Everest, como la mayoría de las películas basadas en libros, se queda muy corta en matices frente a la obra escrita, por ello es muy recomendable la lectura de Everest 1996 de Anatoli Bukreev y de Into Thin Air (también en película) de Jon Krakauer, traducida al español con el título Mal de Altura, ambas obras las podéis encontrar en la editorial Desnivel. Sus autores fueron protagonistas en aquella fatal ascensión y su visión, para muchos complementaria y para otros antagónica, nos cuenta los matices y factores que concurrieron para el fatal desenlace.

A quienes conocen el mundo de las grandes cimas, decir que desgraciadamente Everest tiene algunos fallos o licencias comunes en la mayoría de las películas de este género y que a muchos pueden resultar inadmisibles. Pero para ser justos, diremos que los fallos son pocos en comparación con otras películas que son un continuo dislate en lo referente a técnica alpinística, escenarios fuera de lugar y rigor deportivo. Si no queremos amargarnos la película a nosotros mismos hemos de pasar por alto detalles como confundir la falta de oxígeno con la falta de densidad del aire para que un helicóptero pueda sustentarse; un protagonista que asciende el Everest sin cubrebotas y con crampones sin “antizuecos”; anillos en los dedos de los alpinistas o unas máscaras de ventisca que están más tiempo en la frente que cubriendo los ojos de los actores o confundir Las Siete Cimas con los Catorce Ochomiles entre otros muchos detalles.

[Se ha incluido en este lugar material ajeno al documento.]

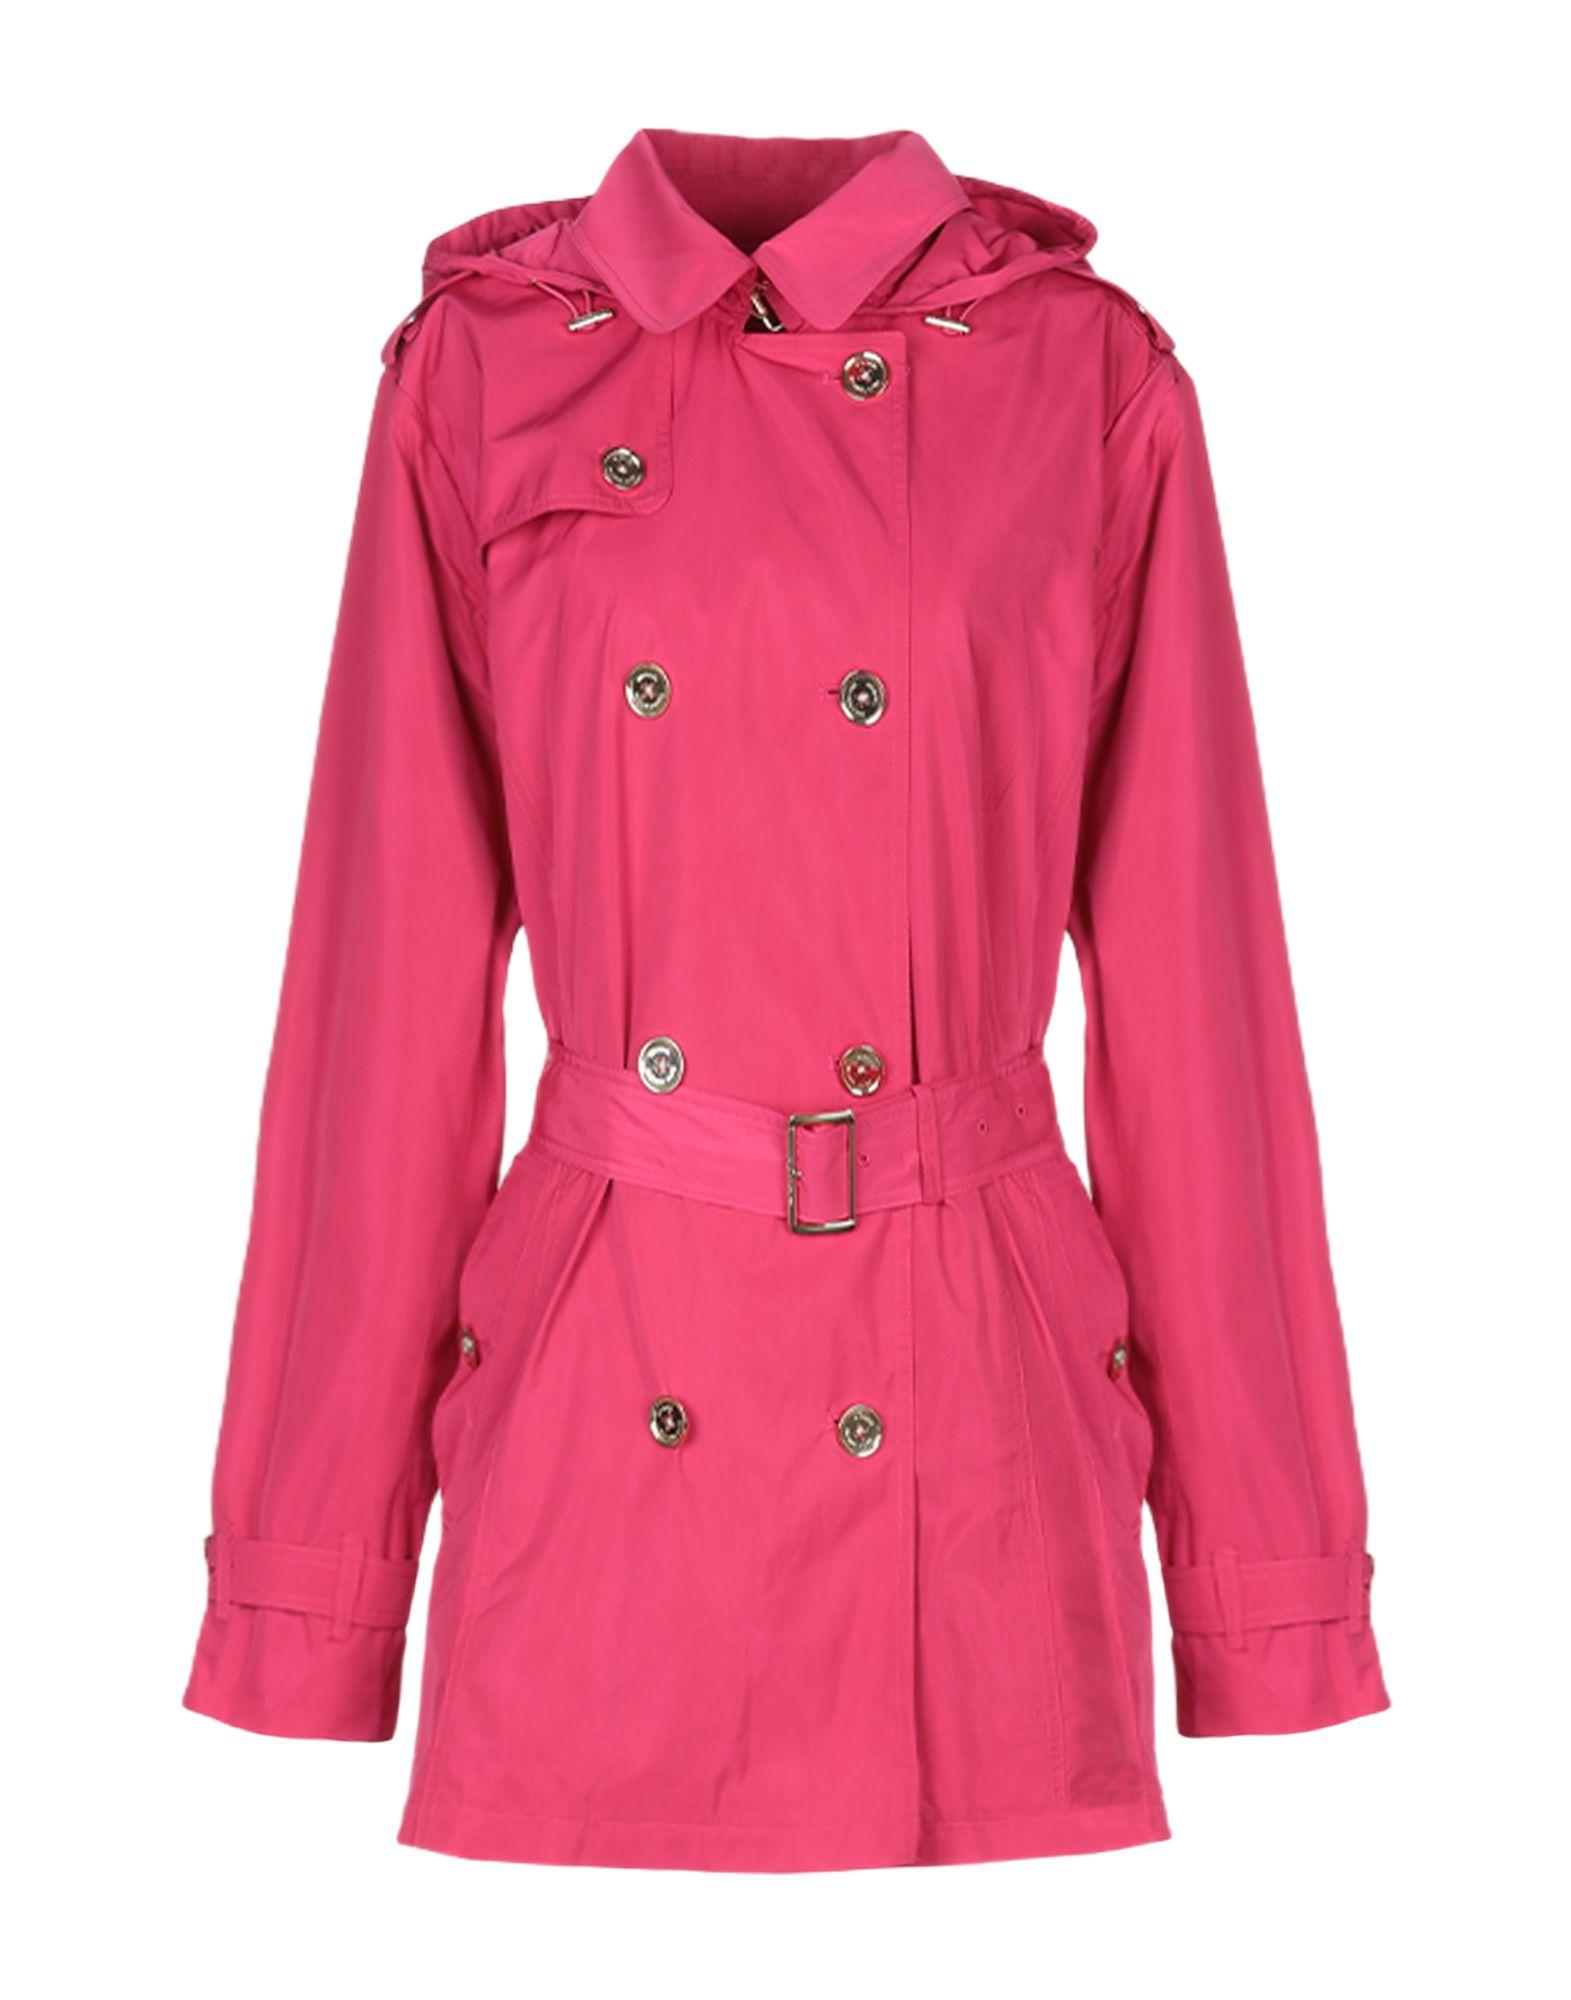 MICHAEL MICHAEL KORS Full-length jacket - Coats & Jackets | YOOX.COM

En fin, creo que merece la pena verla sin esperar demasiado y siendo condescendiente con algunos fallos. Eso sí, la “peli” se queda muy corta como testimonio respecto a los libros en los que se inspira, aunque merece la pena verla si nos gusta la montaña. Everest es una película más de alpinismo y ascensiones épicas, que no es de las peores pero tampoco la mejor. En este sentido, no puedo dejar de recomendar a todo el que le guste el cine relacionado con la montaña, la película Cinco días un verano (1982), del director Fred Zinnemann y con Sean Connery de protagonista. Un peliculón (para mí el mejor) tanto como película como historia de alpinismo, con una fidelidad extraordinaria a la técnica alpina de principios del XX, que cuenta sin aspavientos y poco presupuesto una historia humana, sencilla y repleta de alpinismo puro y duro.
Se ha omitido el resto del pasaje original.